** DATA SHOWN follows **

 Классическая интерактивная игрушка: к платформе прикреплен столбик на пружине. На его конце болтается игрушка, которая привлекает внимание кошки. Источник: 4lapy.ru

** End of DATA SHOWN **
** DATA SHOWN follows **

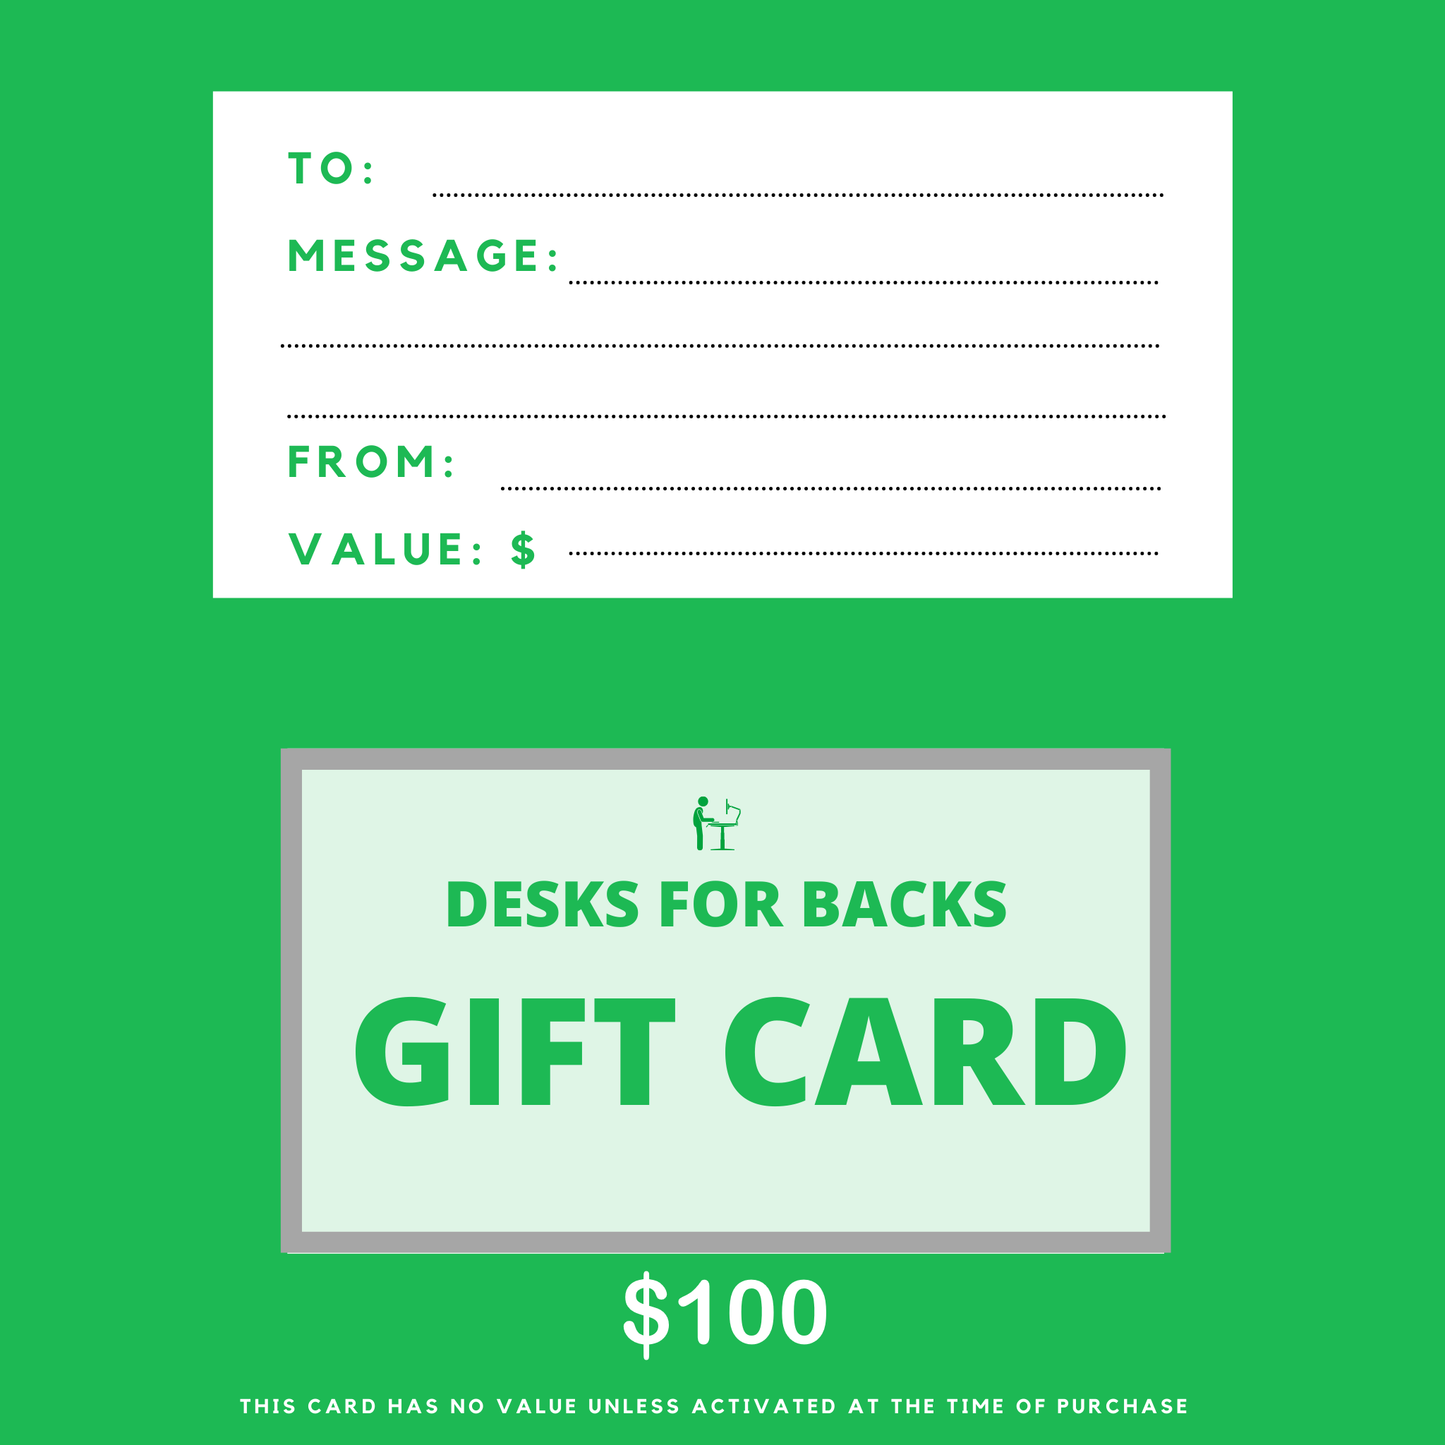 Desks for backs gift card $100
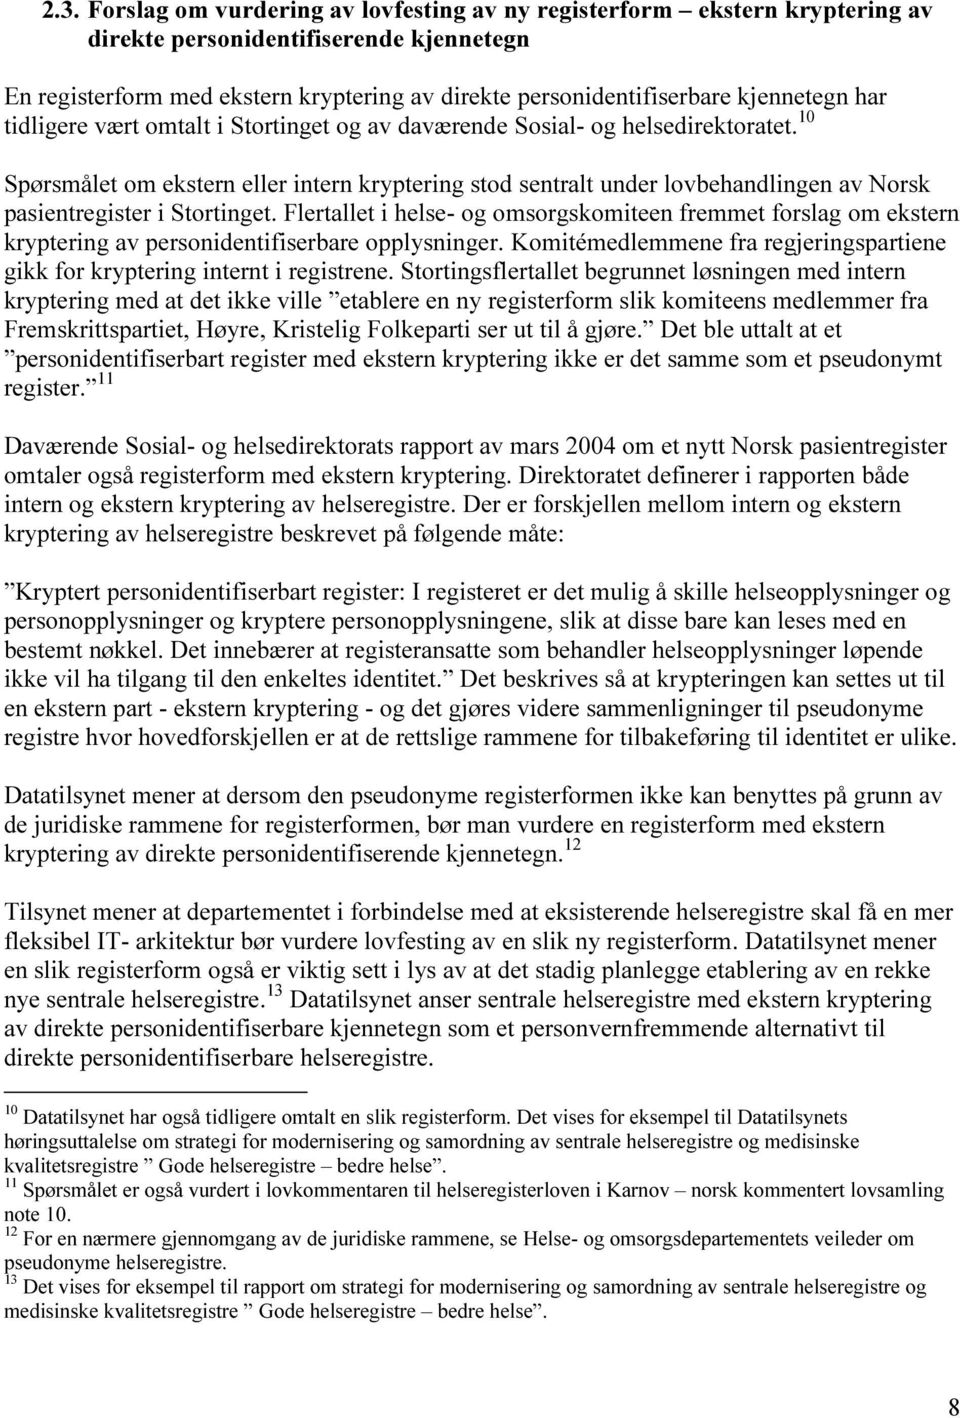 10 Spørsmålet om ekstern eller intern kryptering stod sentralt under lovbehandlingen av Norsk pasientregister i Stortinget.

** End of DATA SHOWN **

PROMPT: Your answer should be the exact lines above from the one containing "Desks for backs gift card $100" through the one containing "10 Spørsmålet om", with both end lines kept and the pictures removed, please.

TASK OUTPUT:
 Desks for backs gift card $100
 10 Spørsmålet om ekstern eller intern kryptering stod sentralt under lovbehandlingen av Norsk pasientregister i Stortinget.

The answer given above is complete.